I will share something with you: I'm also a breast cancer survivor and it's really overwhelming sometimes with everyone around you pushing that you "think positive", "you have to be strong", "you'll get thru this" etc etc. I swear I hate the color pink, because it just gets to be too much. You have to be able to mourn the life you had before cancer, and I think sometimes all the positivity around you makes it worse somehow. I'm not saying that support is a bad thing, it's just overdone sometimes. Maybe she just wants to be sad one day and have someone, her sister perhaps, be sad with her.
Next year on June 4 it will be five years for me. Why is five years important? That's when most cancer patients are declared cured.

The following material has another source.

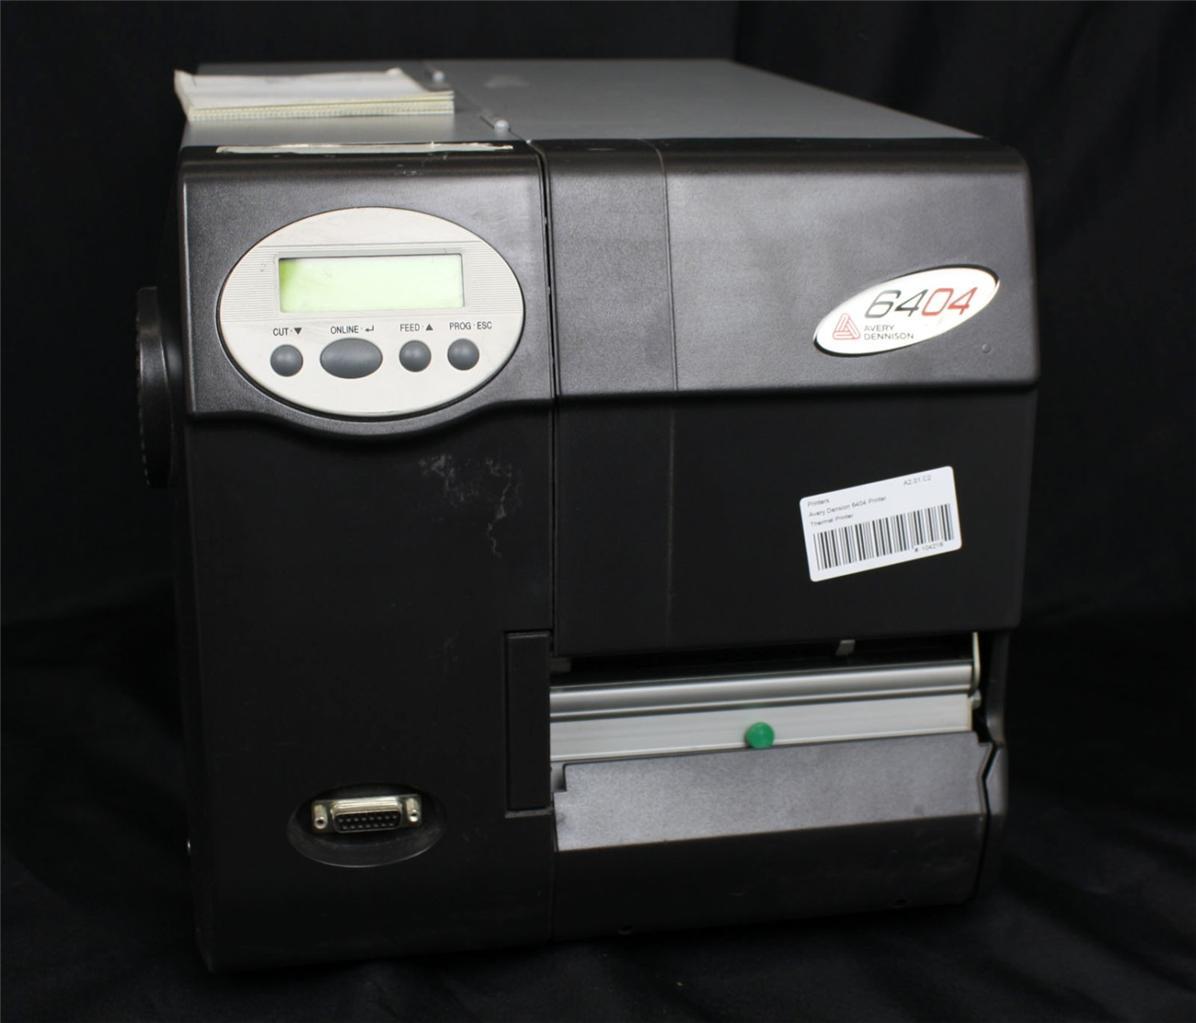 Custom Card Template avery label printer : Avery Dennison 6404 Printer Label Thermal Printer : eBay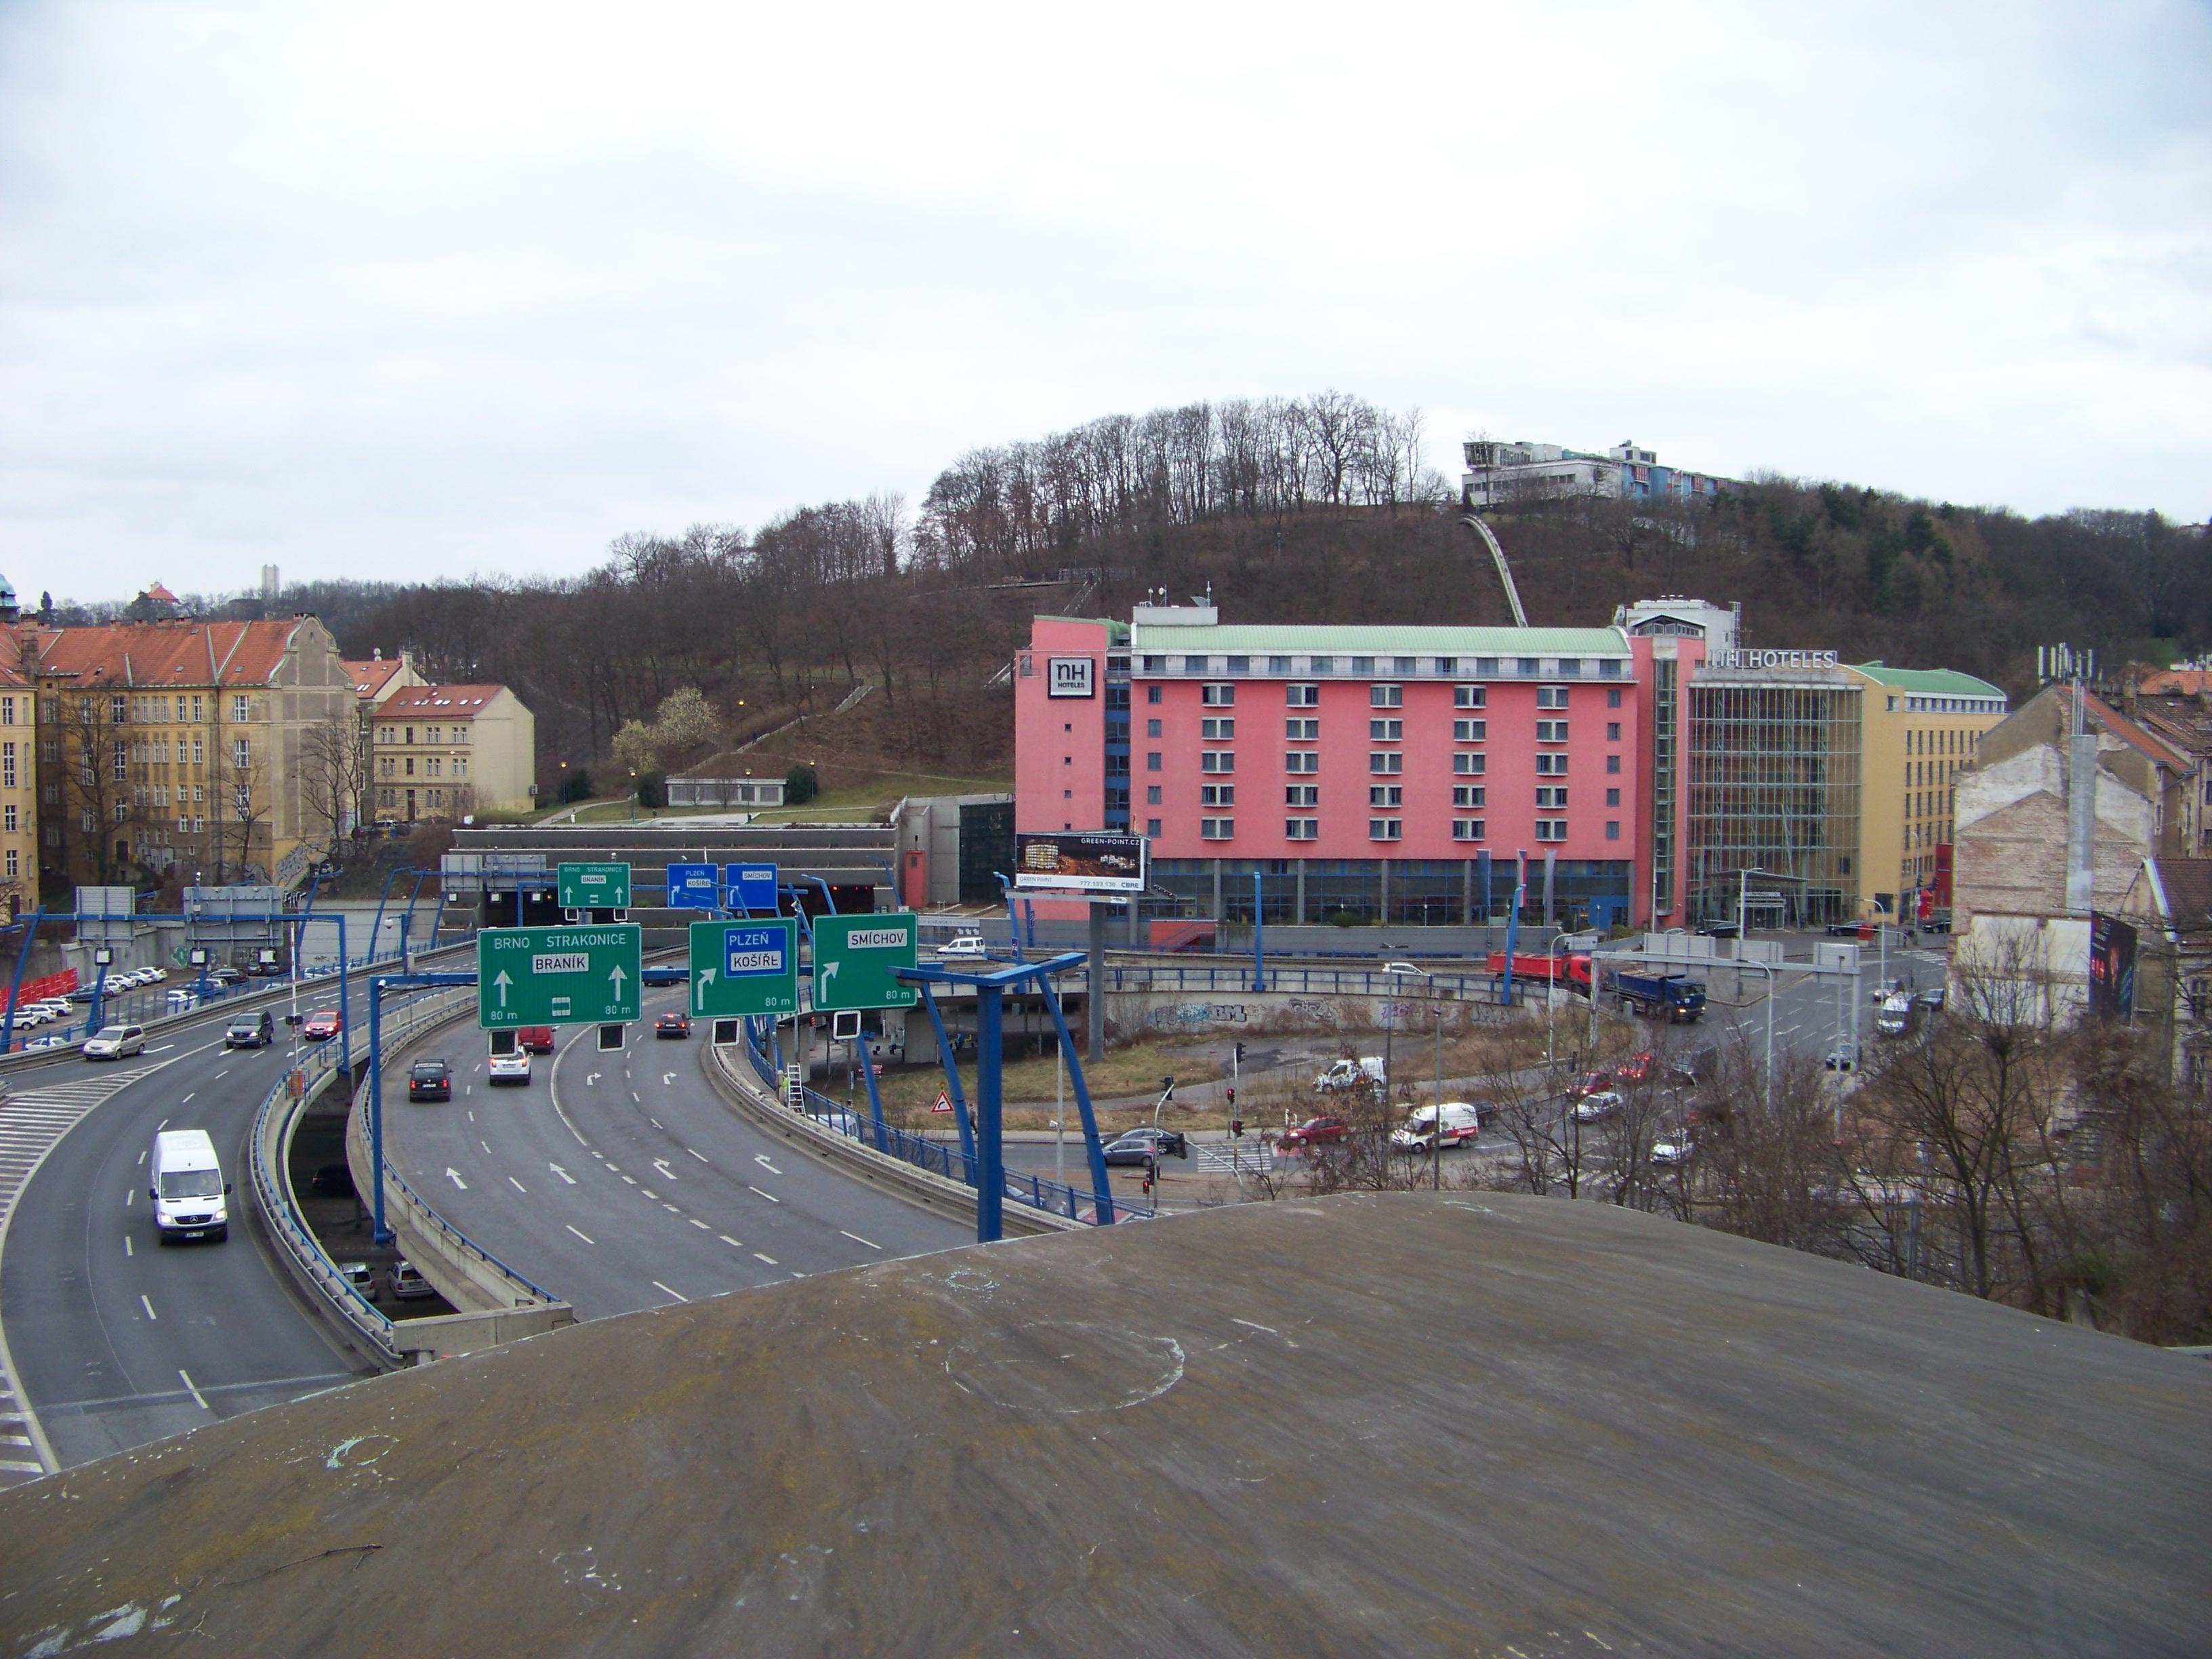 Nh Hotel City Center Dubeldorf

It will mark an end of this exhausting period in my life, maybe five years seem too far away for her?
It's important to talk to her when she wants to talk, there's a reason she picked you to tell. A counselor might seem too clinical and impersonal. It did to me, still does. However their phone number have been in my wallet on a sticky note for over four years, just in case I feel the need to talk to an outsider. In no way did she make the cancer happen to her, that's just sad that she believes that.
You'll do the right thing when you tell her sister. Her sister should know that this is no time to turn this sensitive moment into an argument. Best of luck to you and your friend.